Her arrest coincided with the detention of well-known Manipuri cinematographer L. Surajkanta, accused by security forces of links with KYKL.

Some analysts and social commentators now fear that the “Bollywood virus”—a reference to the nexus between movies stars and organised crime—might be spreading to the rest of the country.

In Mumbai’s, capital of India ’s film industry with more than 900 movies a year, links between stars and criminals is the talk of the town.

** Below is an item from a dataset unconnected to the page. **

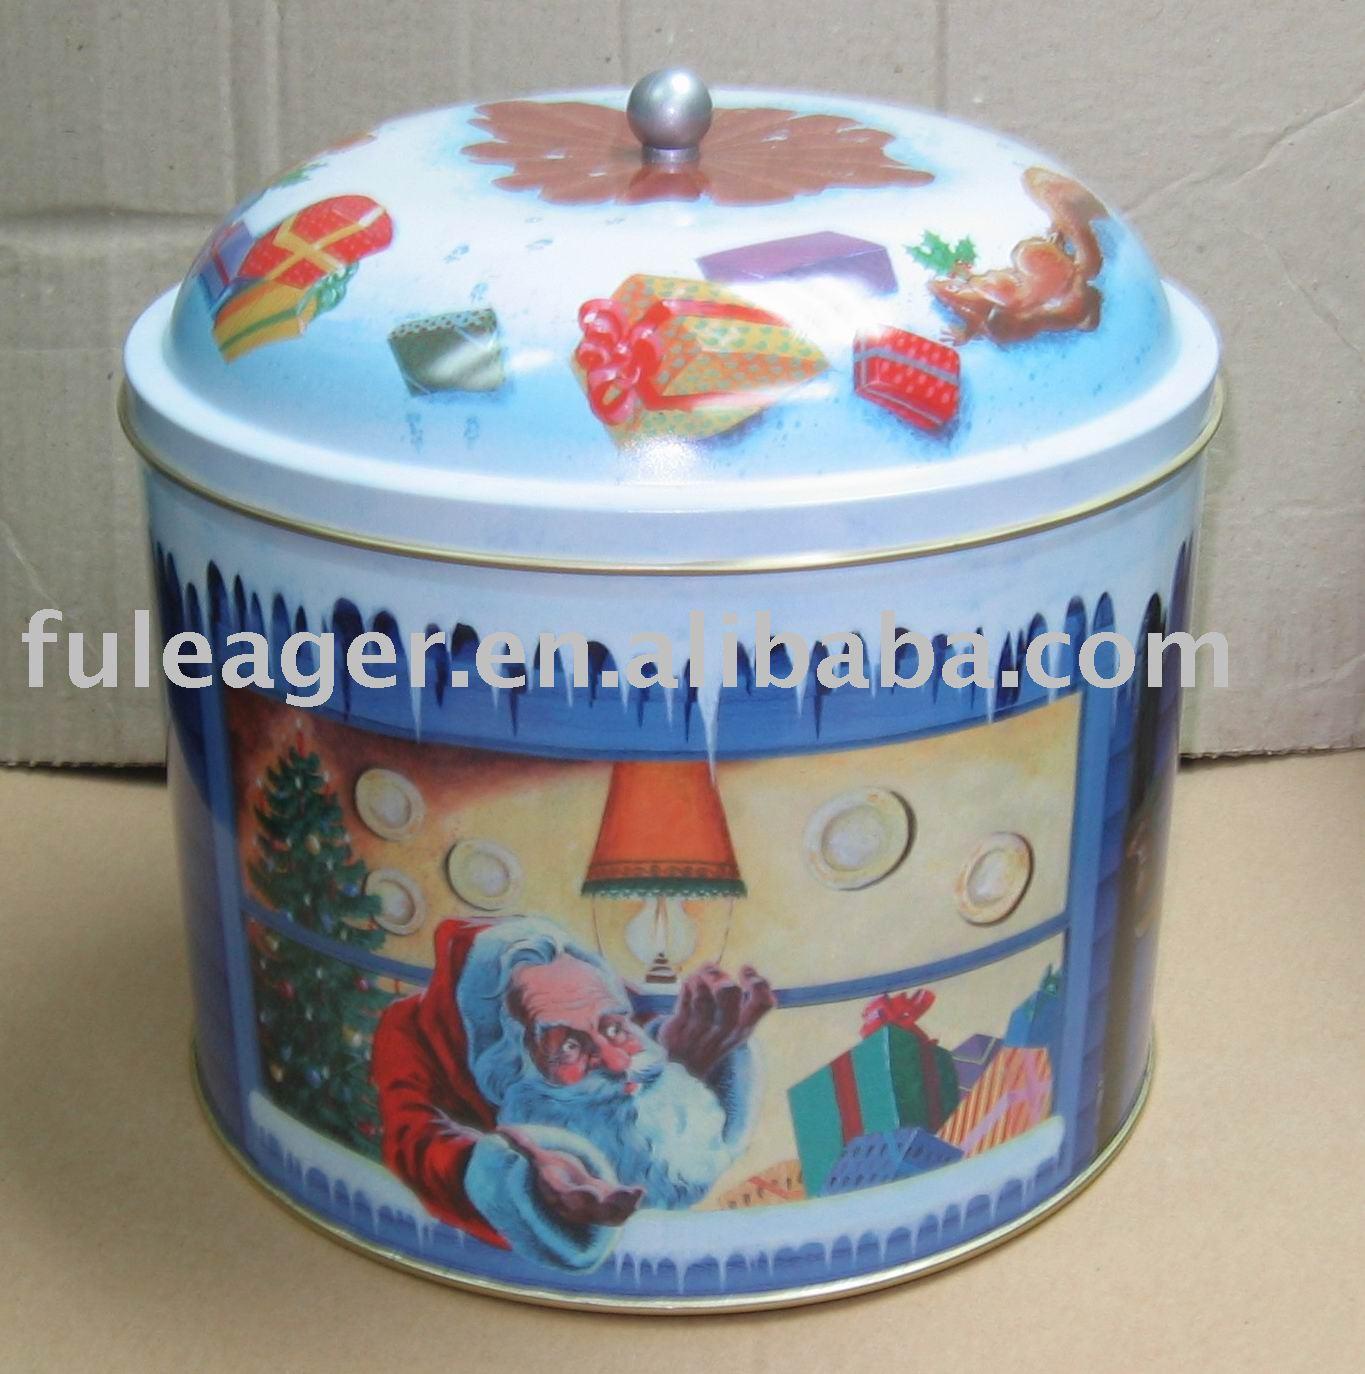 Christmas Cookie Tin Box,Biscuit Tin Case - Buy Tin Box,Tin Can ...

“Before 9/11, Bollywood celebrities openly socialised with fugitive criminals wanted by Interpol, such as Ibrahim and Shakeel, at cocktail parties in Dubai or in the VIP boxes of the Sharjah cricket stadium,” syndicated columnist Manojit Mitra wrote.

But between 2001 and 2002 some Bollywood producers and actors ended up in court, causing the public to believe that the film industry had fallen into the hands of organised crime.

But as the United States geared up for its worldwide war on terror and India suffering from terror attacks in Mumbai last year, the issue fell off the radar screens.

But Devita’s arrest and other less glitzy crime news showed that the connection between the movie industry and organised crime was not a thing of the past.

A number of Bollywood actors and producers have already been tried and sentenced for ties with terrorists and criminal figures.

And relations between the two worlds are not just personal. Some movie stars have in fact been tried and sentenced for racketeering, kickbacks, money laundering, intimidation and even murder as well as involvement with terrorists guilty of hundreds of deaths.